-- Material for the task follows --

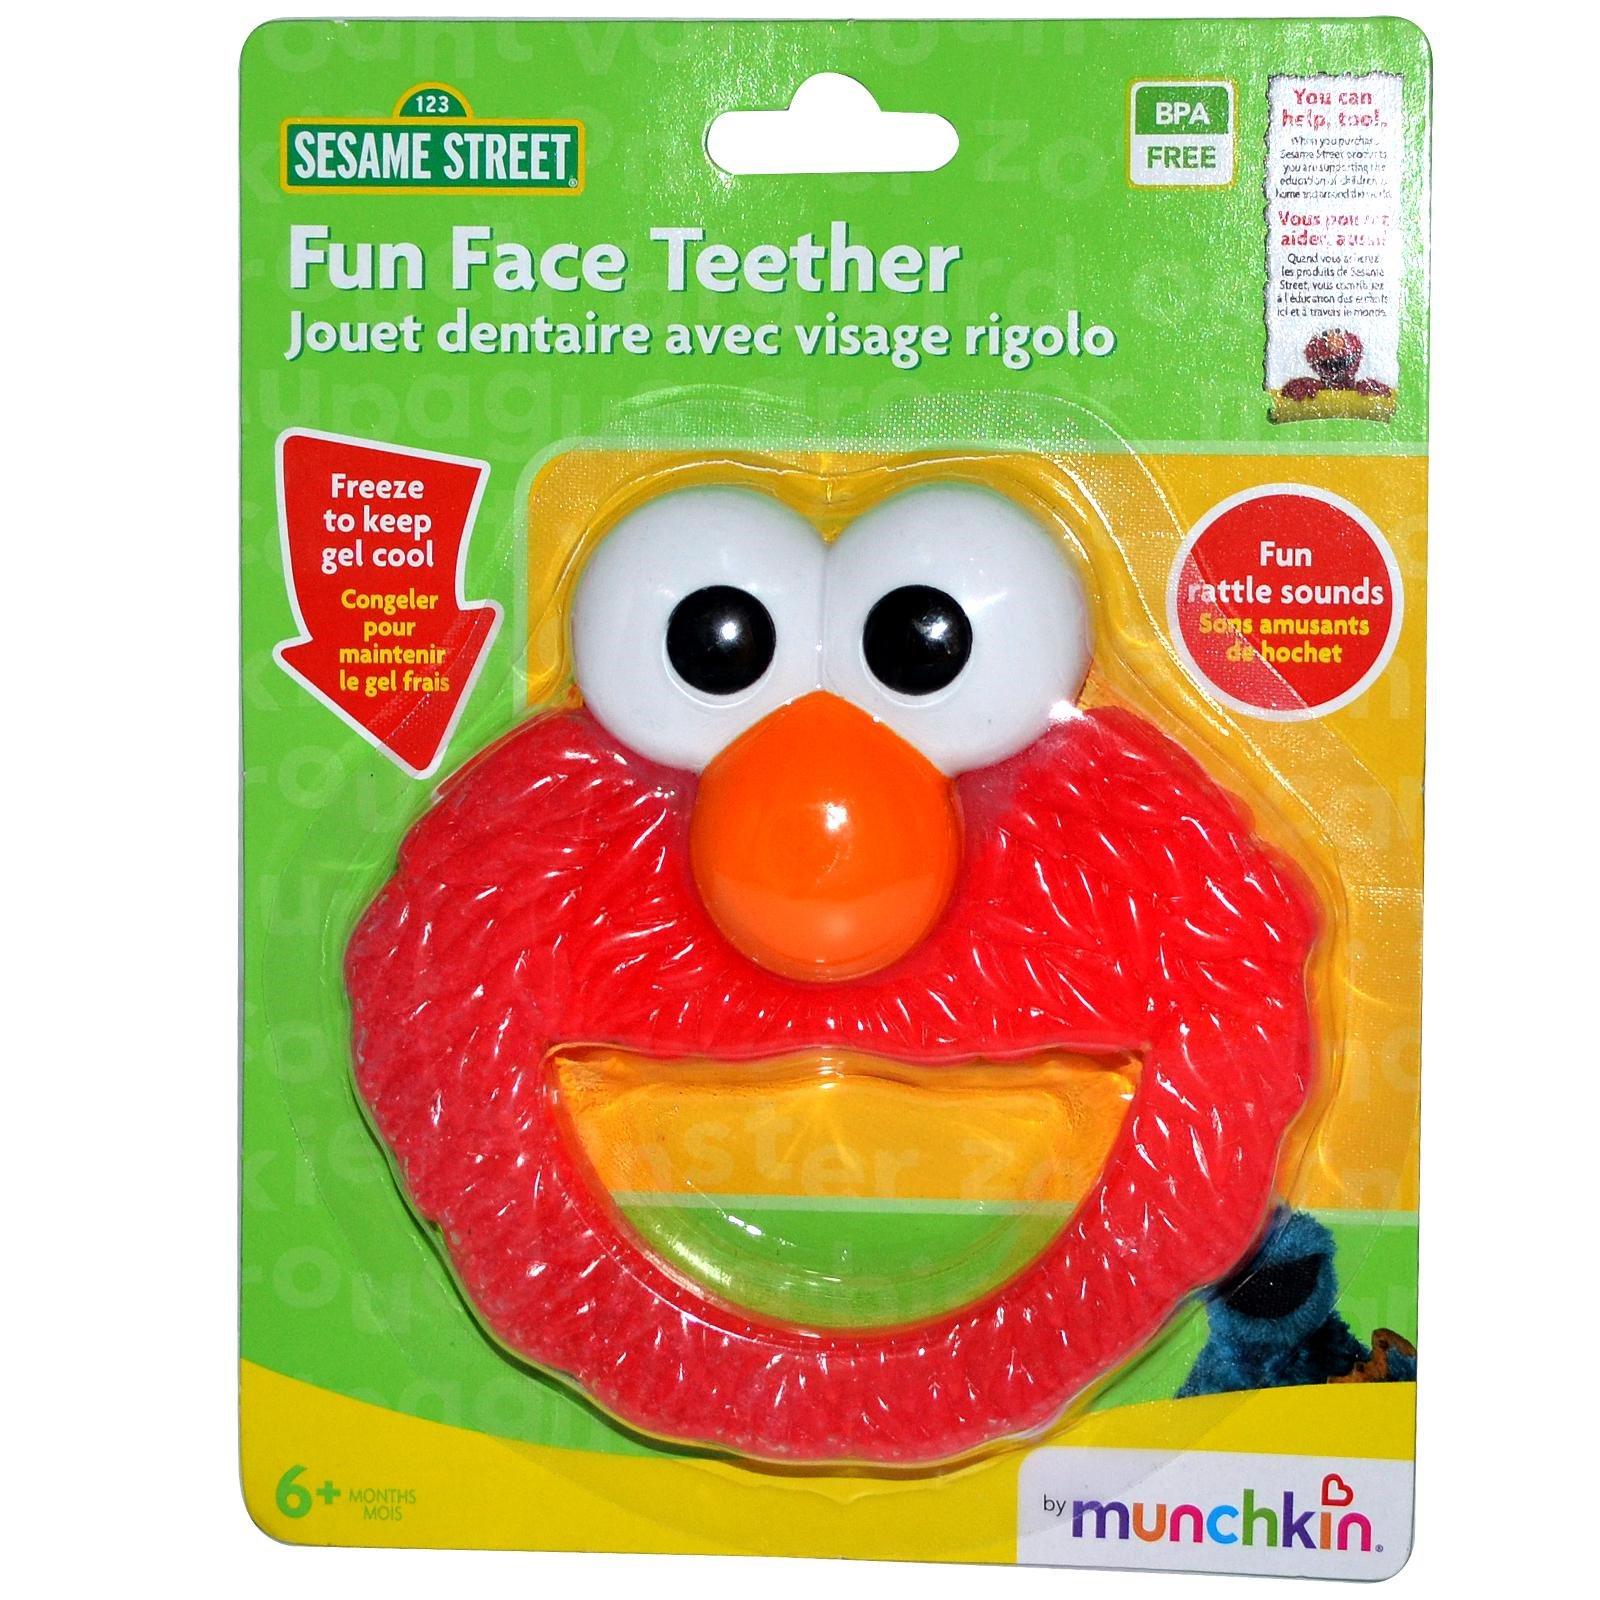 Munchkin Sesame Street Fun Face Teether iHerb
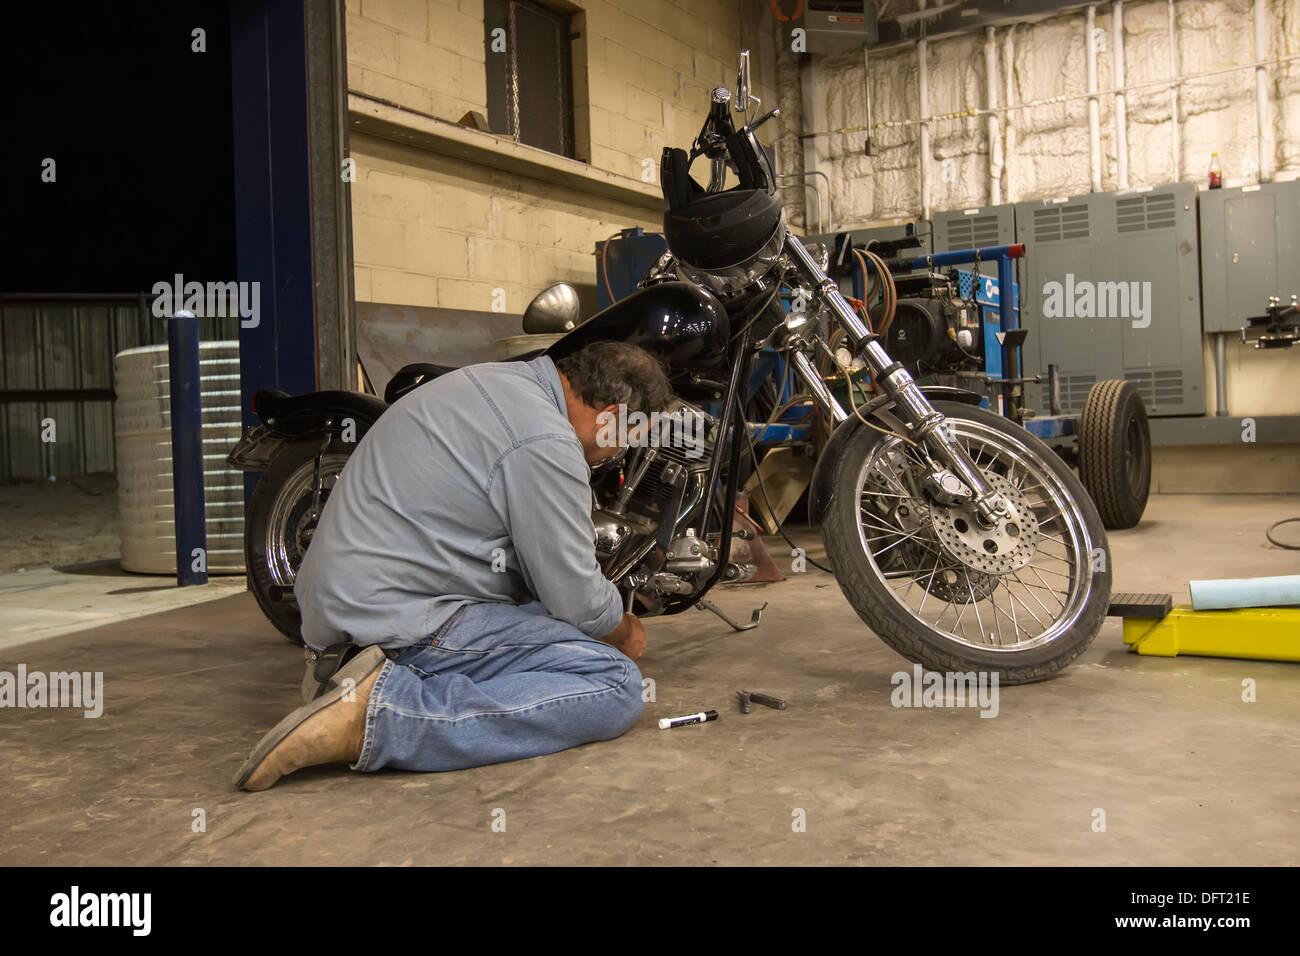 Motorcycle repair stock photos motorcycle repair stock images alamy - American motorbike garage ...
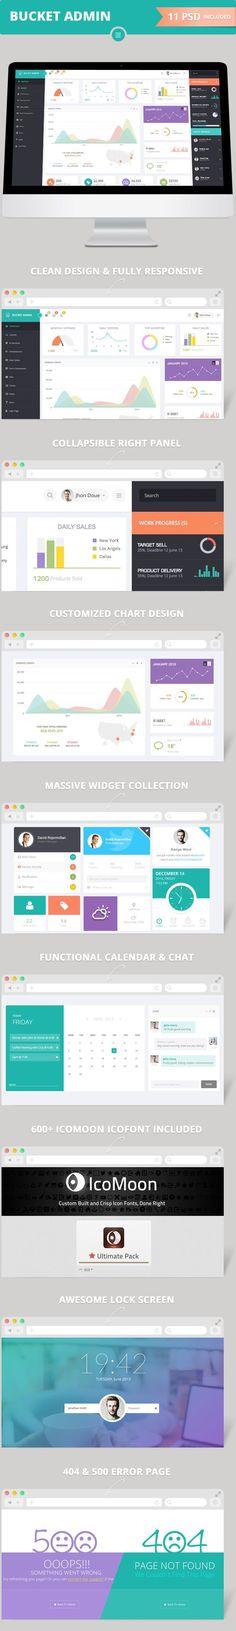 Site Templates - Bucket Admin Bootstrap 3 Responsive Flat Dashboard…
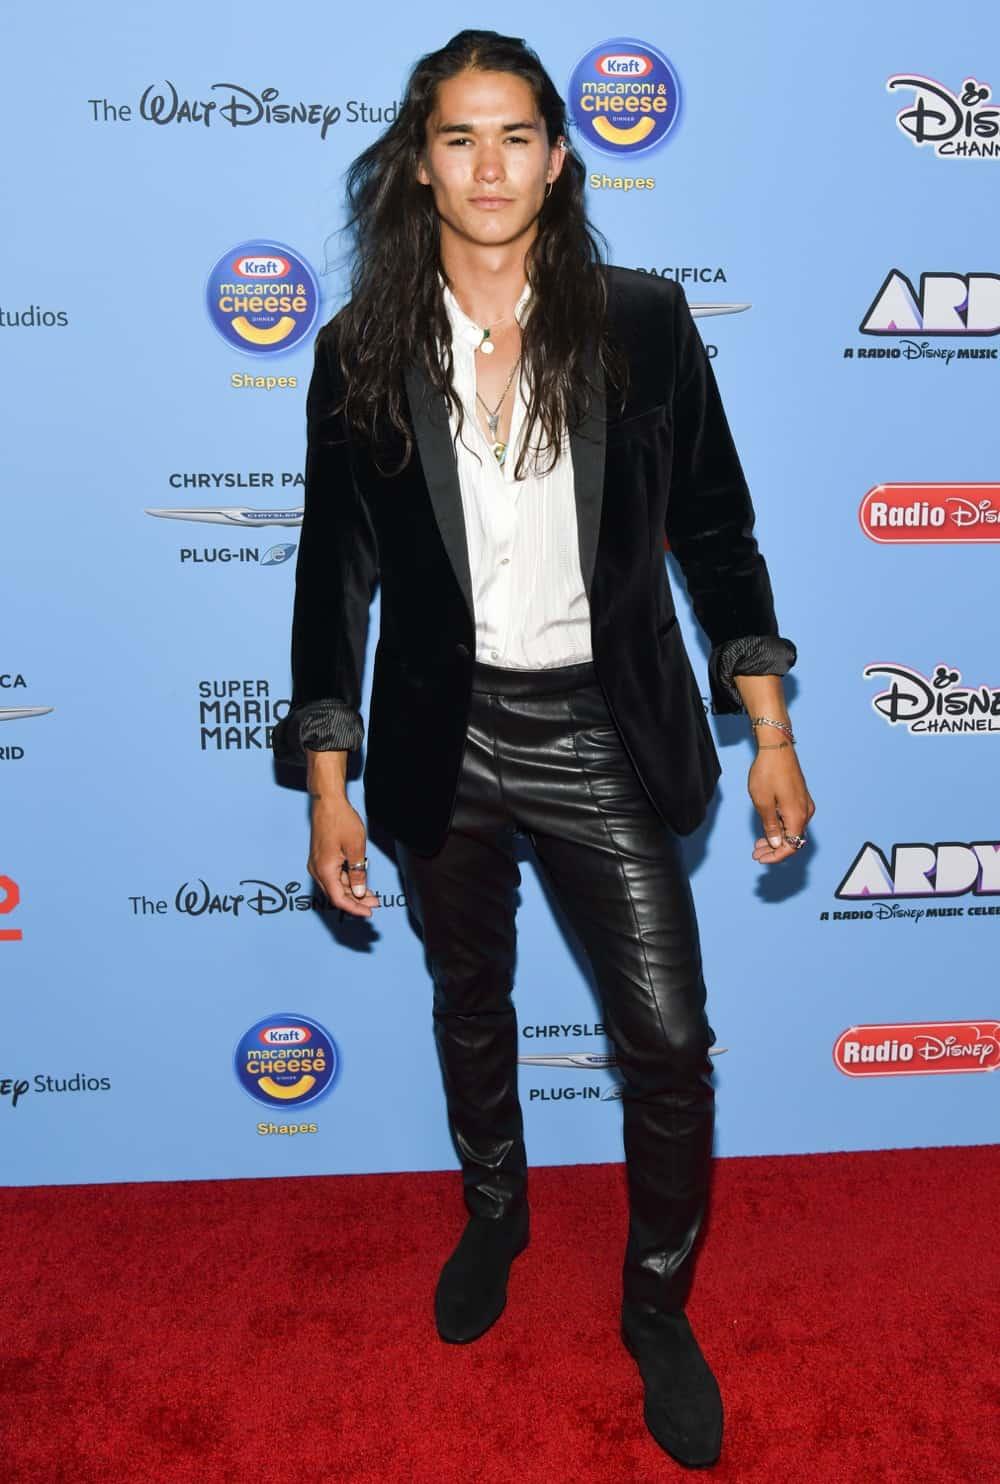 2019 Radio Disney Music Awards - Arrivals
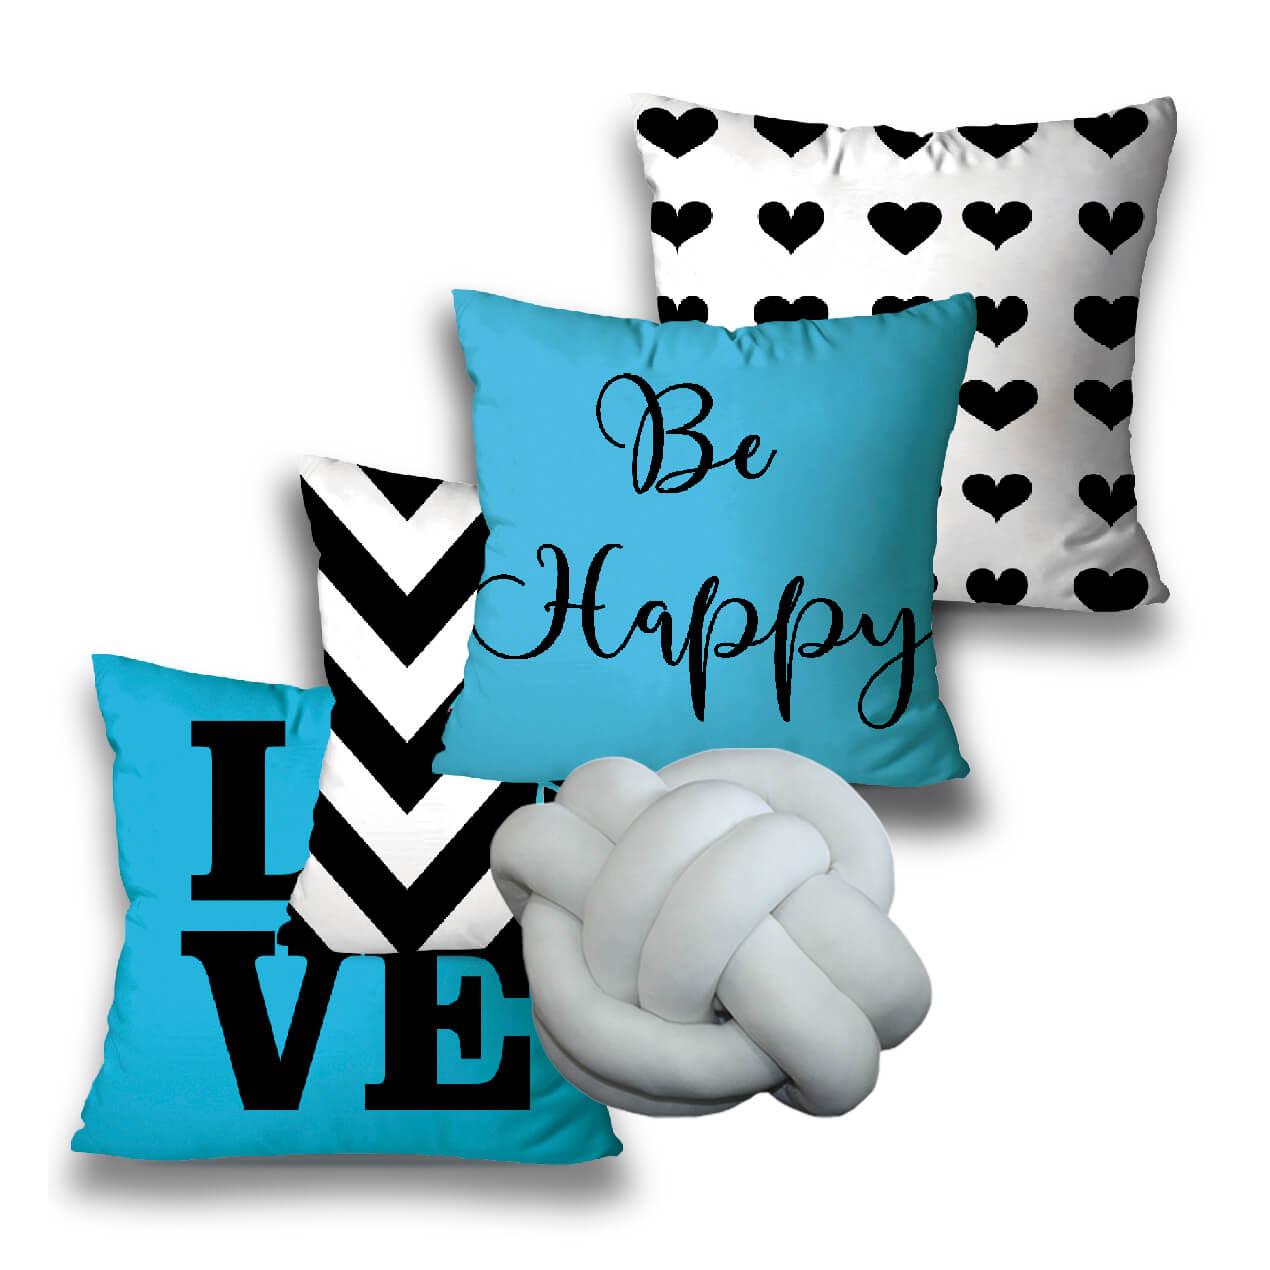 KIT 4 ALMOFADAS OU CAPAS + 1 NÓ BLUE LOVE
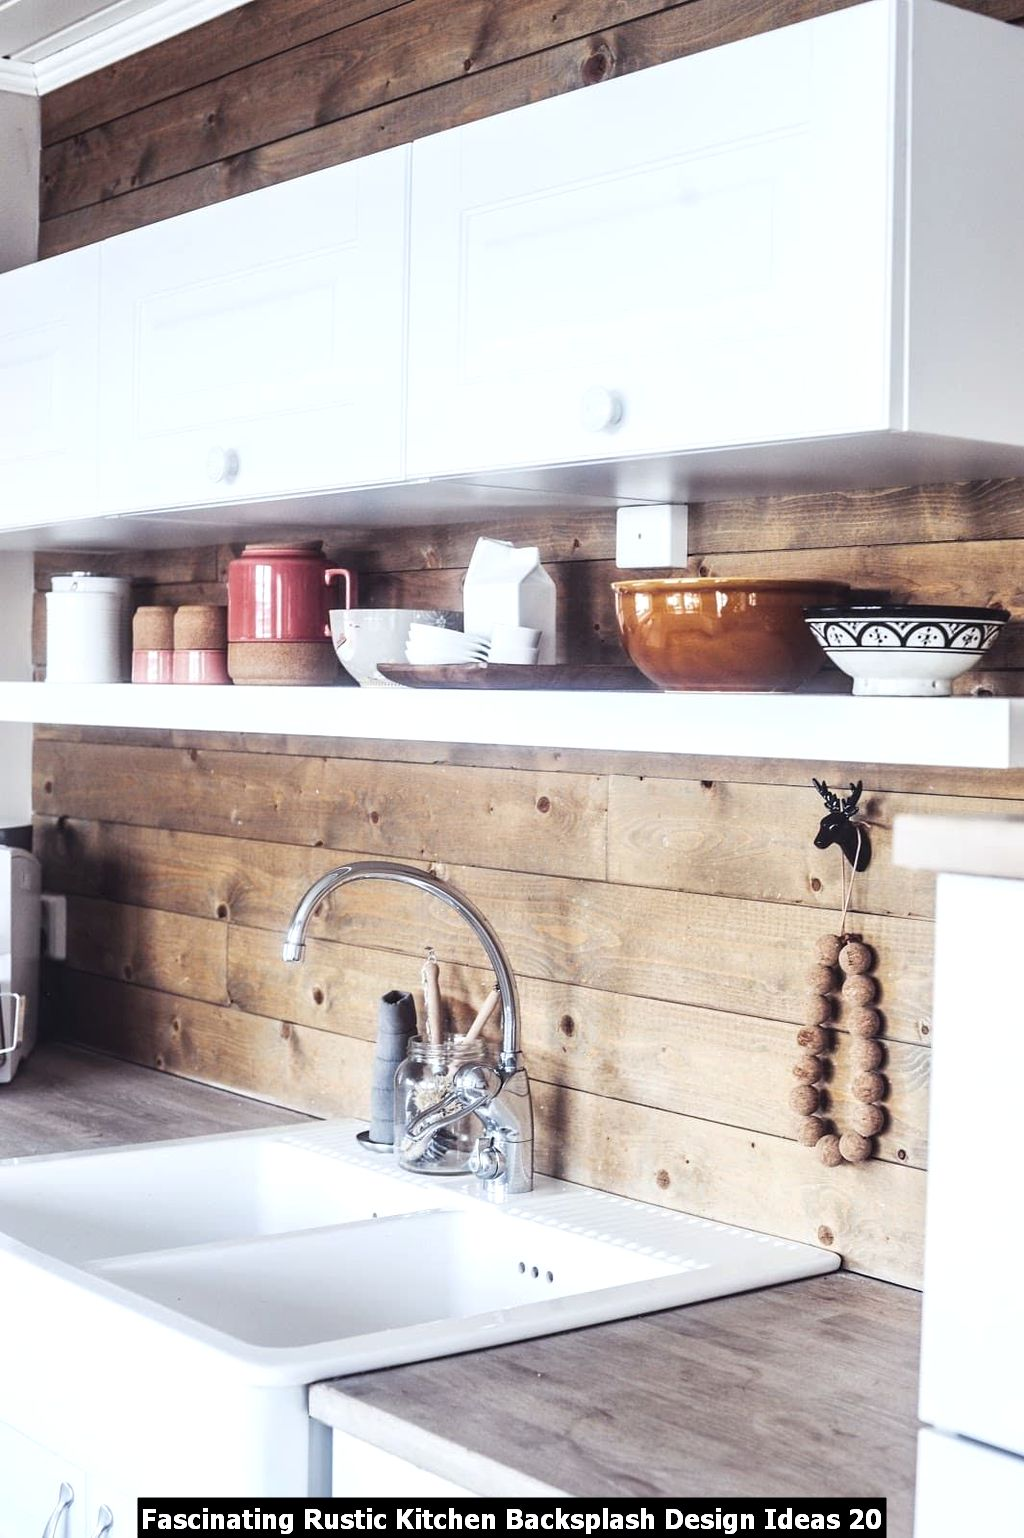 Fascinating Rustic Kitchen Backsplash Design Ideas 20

-- Material for the task concluded --

Exercise description: Pictures are to be left out; everything else in the records gets retyped exactly.

Expected output:
 Munchkin Sesame Street Fun Face Teether iHerb
 Motorcycle repair stock photos motorcycle repair stock images alamy - American motorbike garage ...
 Site Templates - Bucket Admin Bootstrap 3 Responsive Flat Dashboard…
 2019 Radio Disney Music Awards - Arrivals
 KIT 4 ALMOFADAS OU CAPAS + 1 NÓ BLUE LOVE
 Fascinating Rustic Kitchen Backsplash Design Ideas 20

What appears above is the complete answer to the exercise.